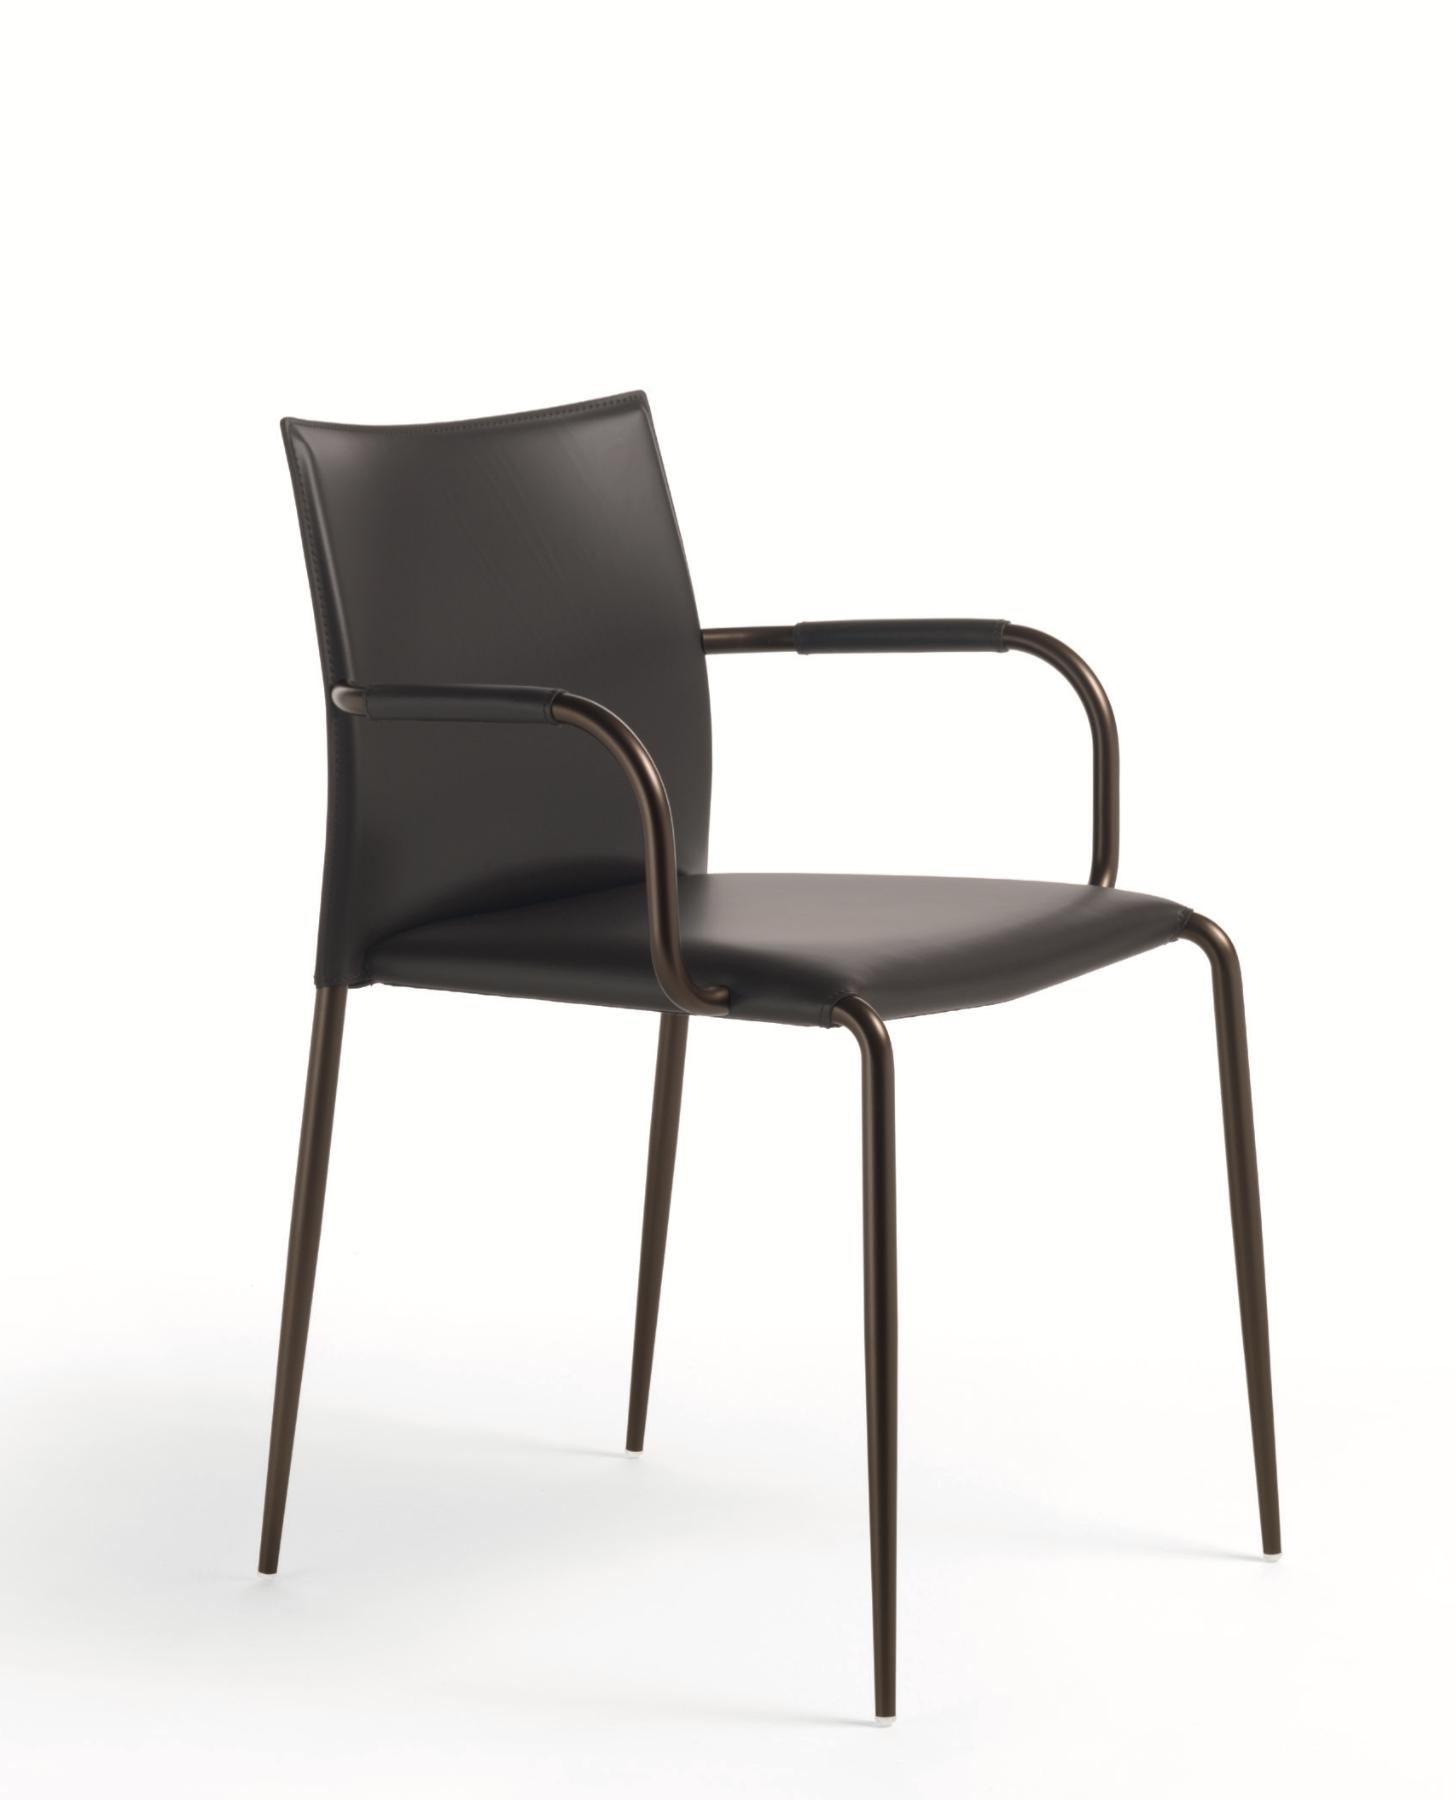 MDC 105 Modern Dining Chairs
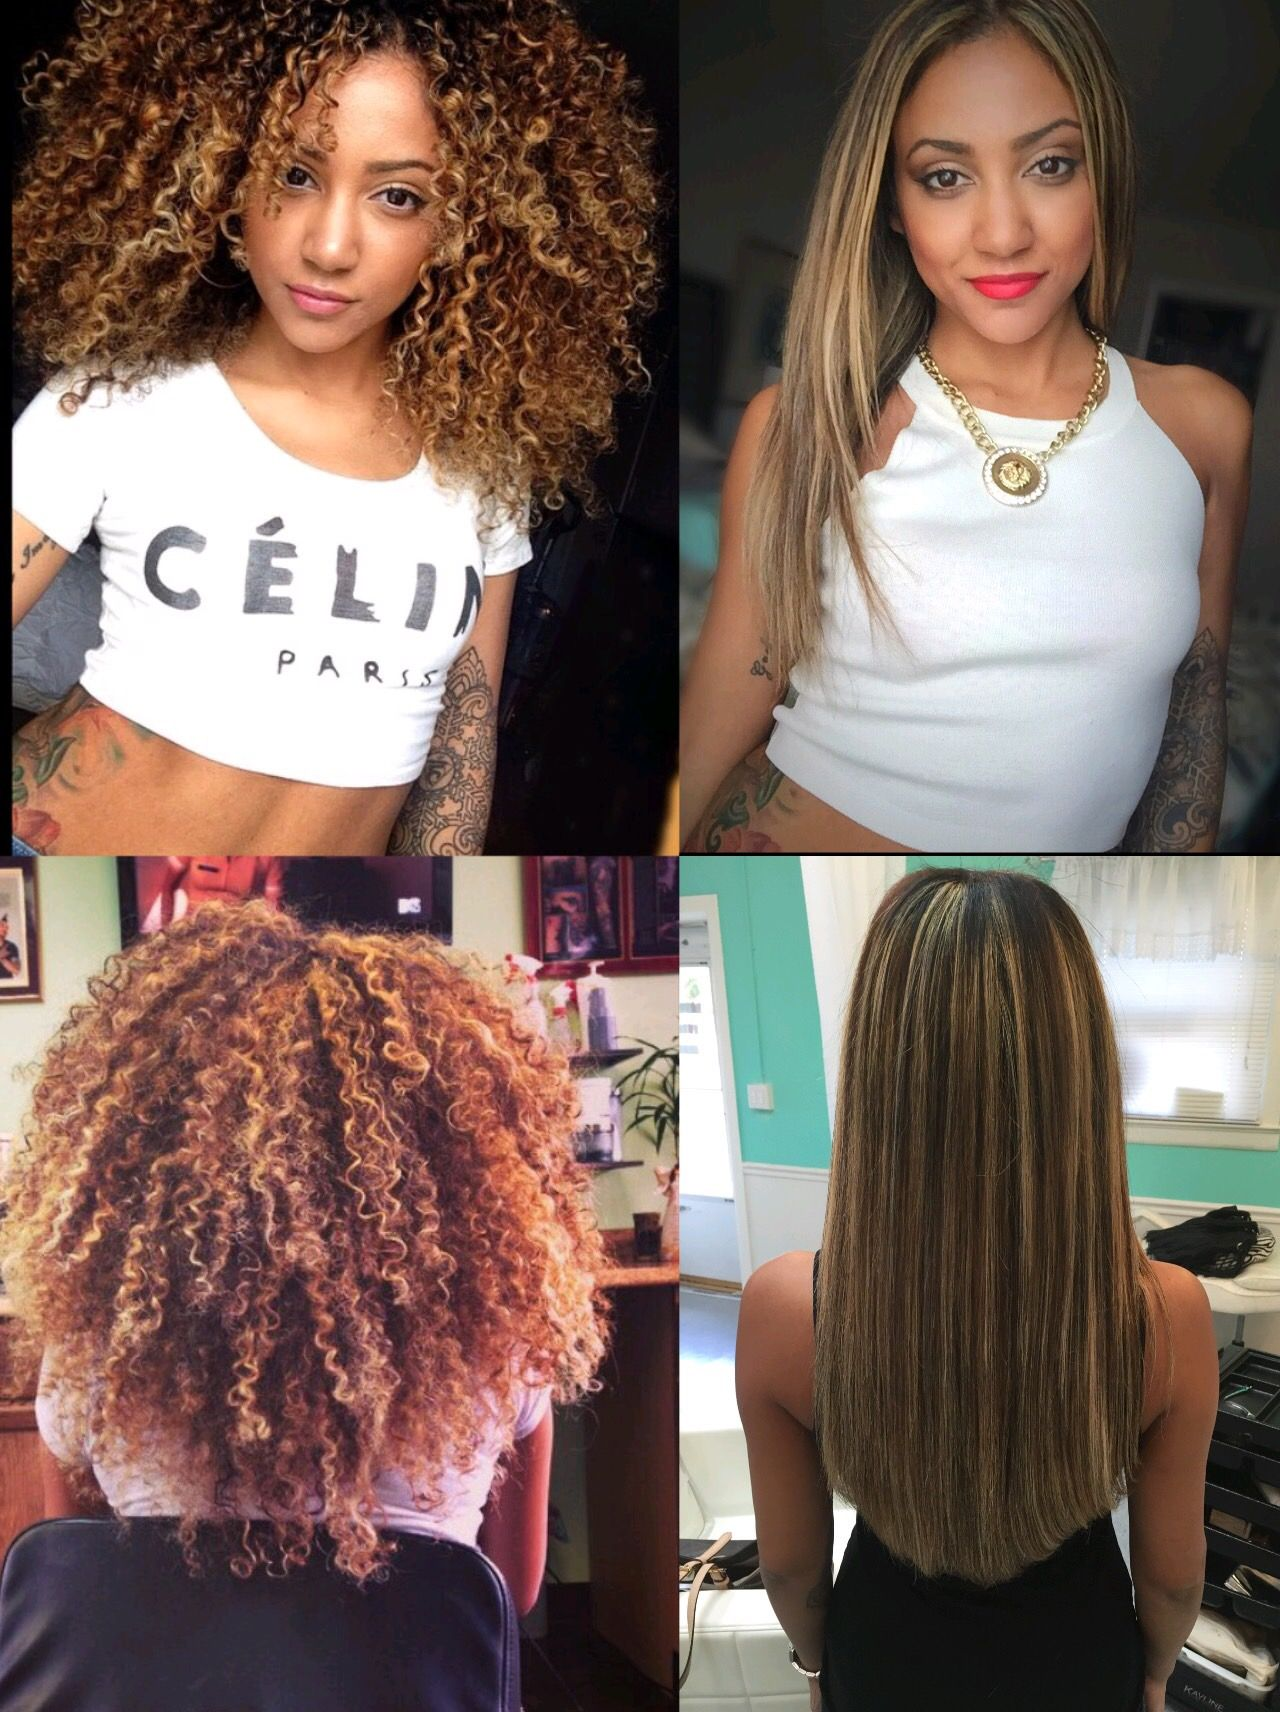 Curly Vs Straight Ig Tiffanytattooz Curly Vs Straight Hair Natural Hair Woman Curly To Straight Hair
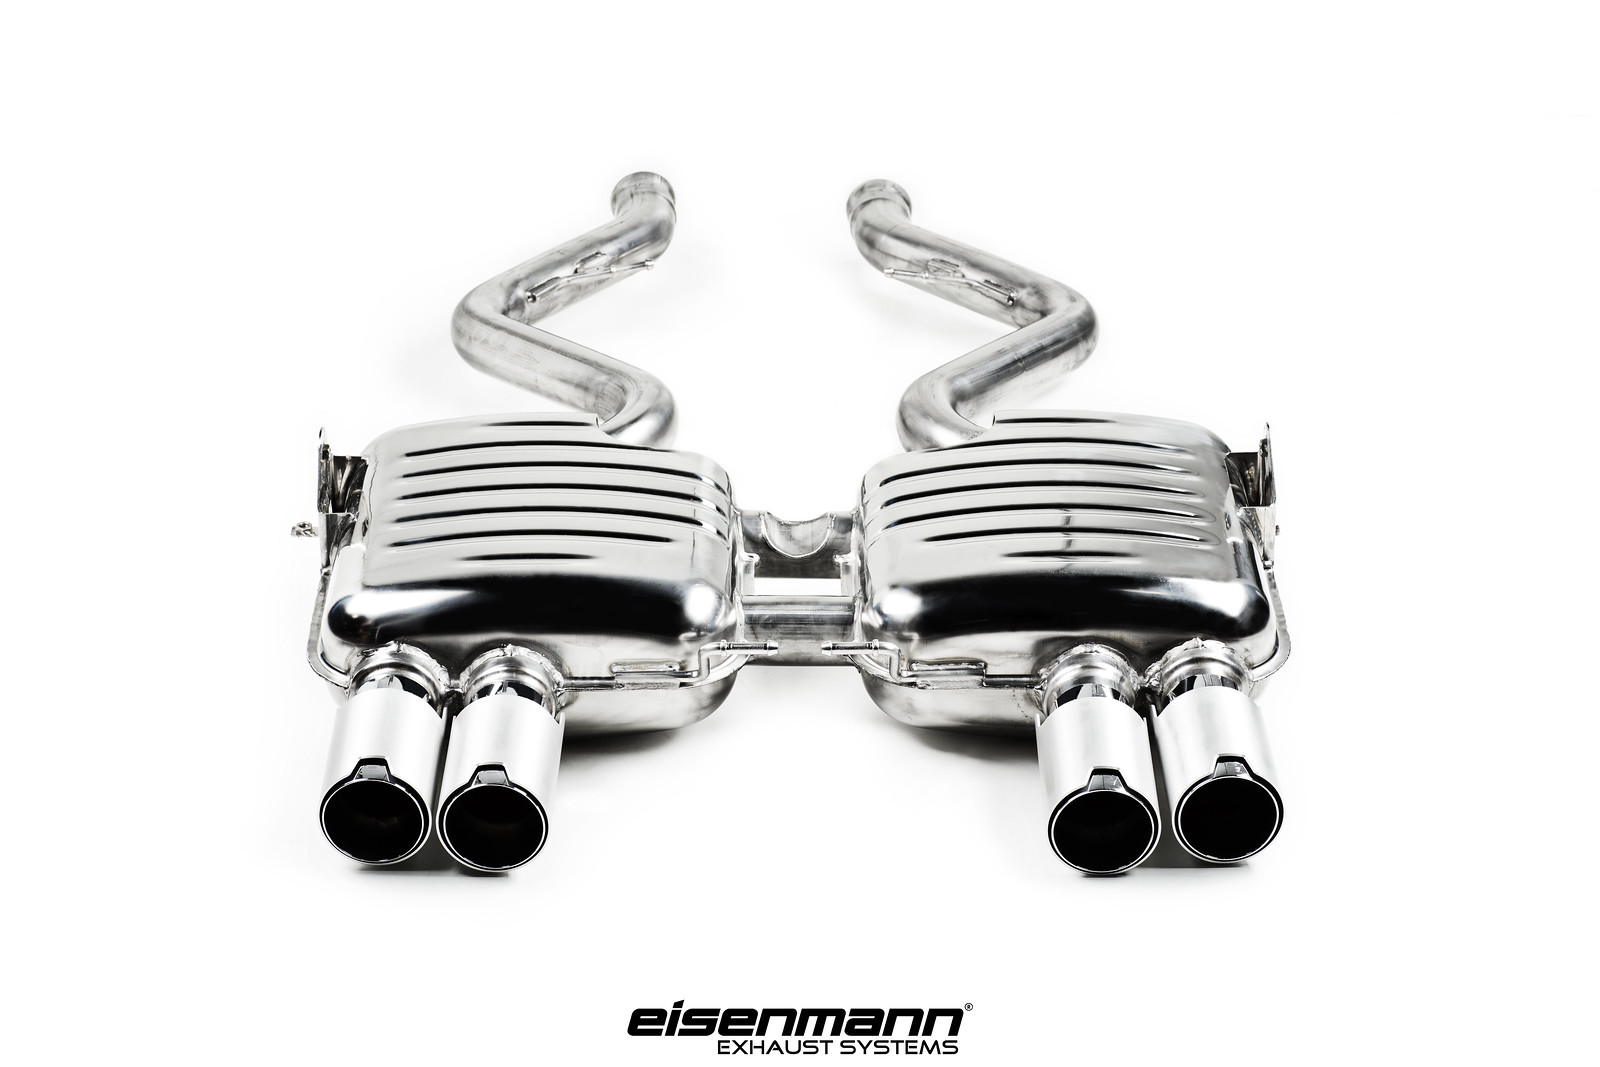 Eisenmann E9x M3 Signature Tips 4x90mm Limited Release
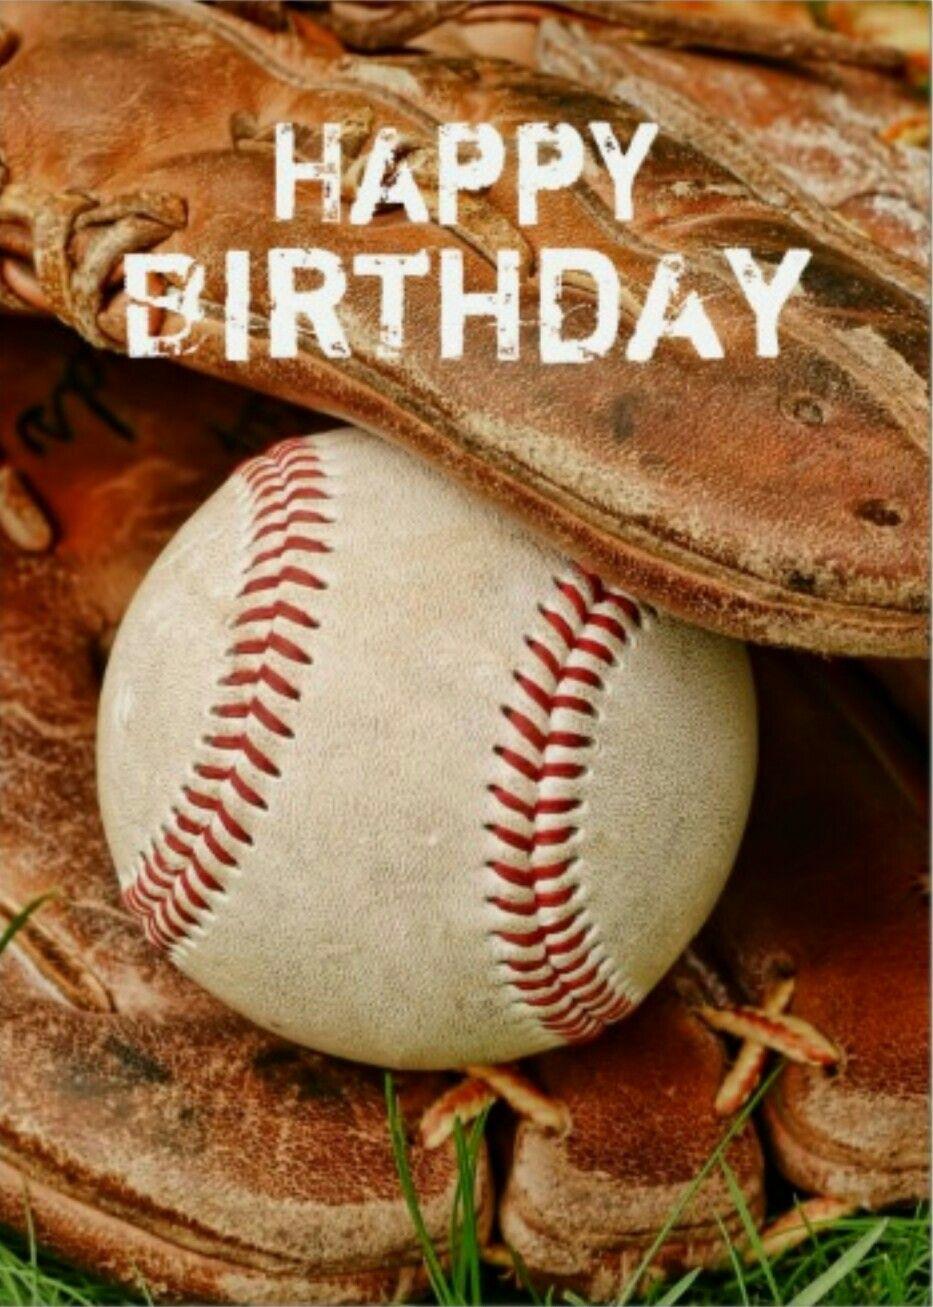 Pin By Judy Quinn On Birthday Greetings Happy Birthday Baseball
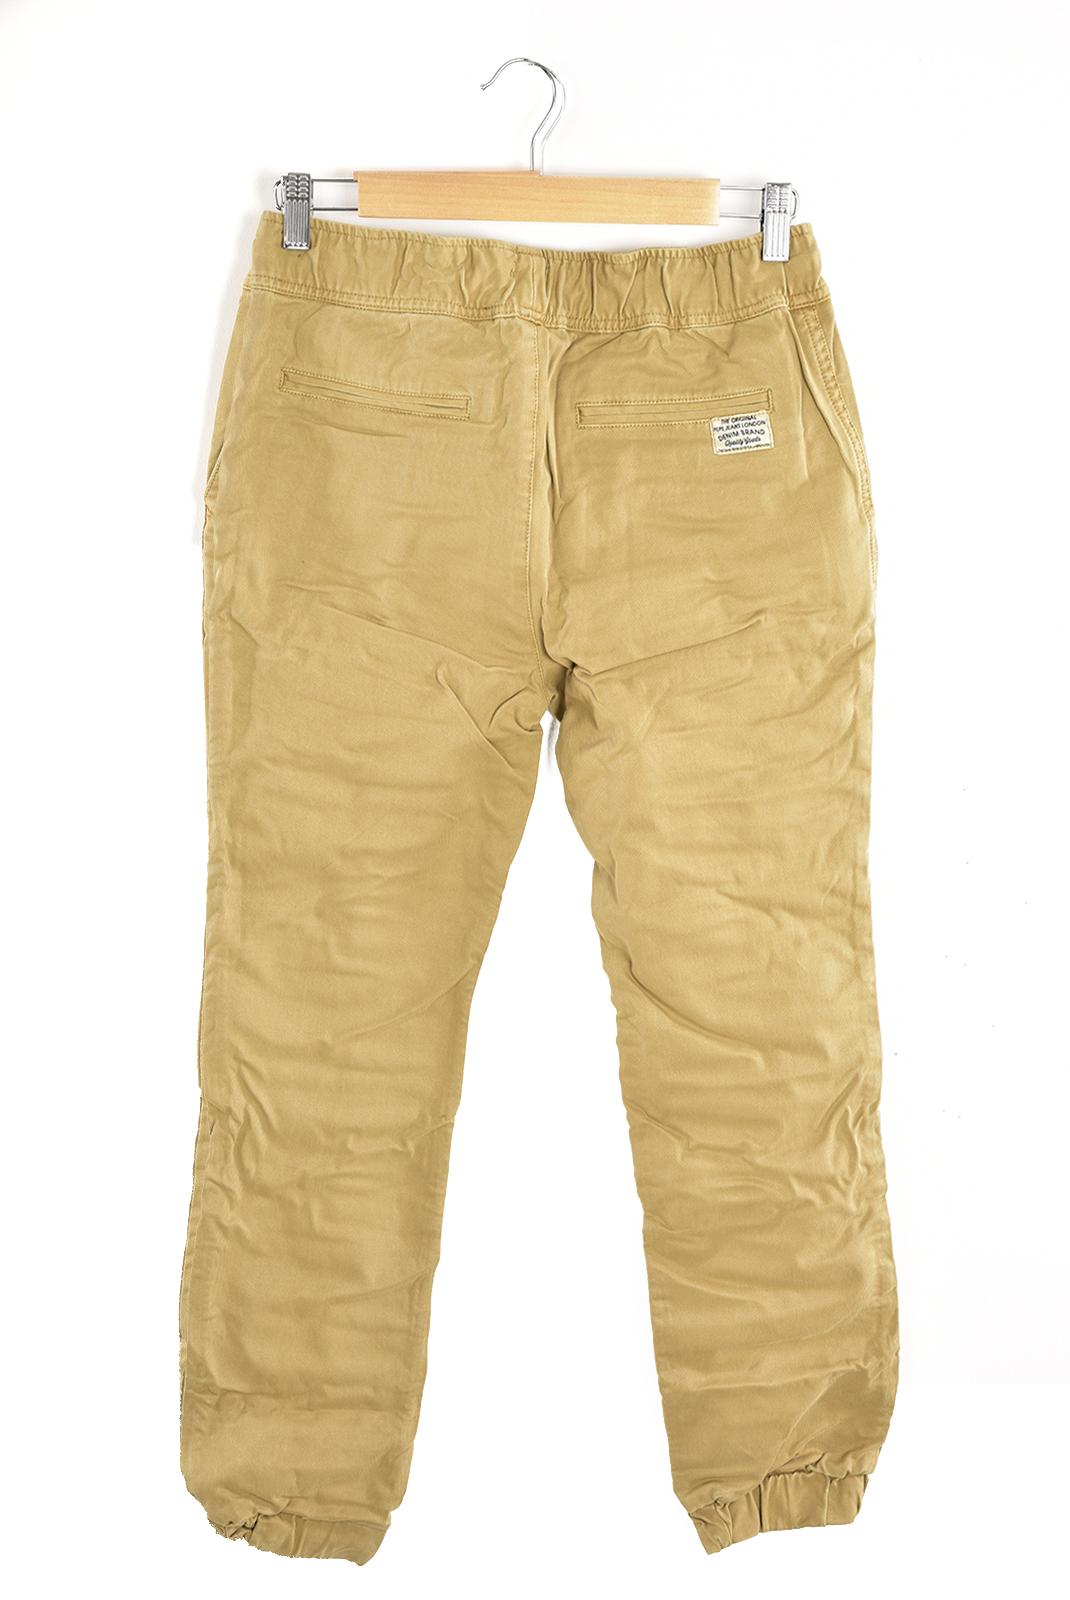 Bas  Pepe jeans PB210226 alan 855
---------------
**What you are asked to do**
Quote verbatim the final run of lines in the material above, from the line that contains "Curly Vs Straight Ig" through the very last line, excluding any pictures.

**Exercise output**
 Curly Vs Straight Ig Tiffanytattooz Curly Vs Straight Hair Natural Hair Woman Curly To Straight Hair
 Eisenmann E9x M3 Signature Tips 4x90mm Limited Release
 Pin By Judy Quinn On Birthday Greetings Happy Birthday Baseball
 Bas  Pepe jeans PB210226 alan 855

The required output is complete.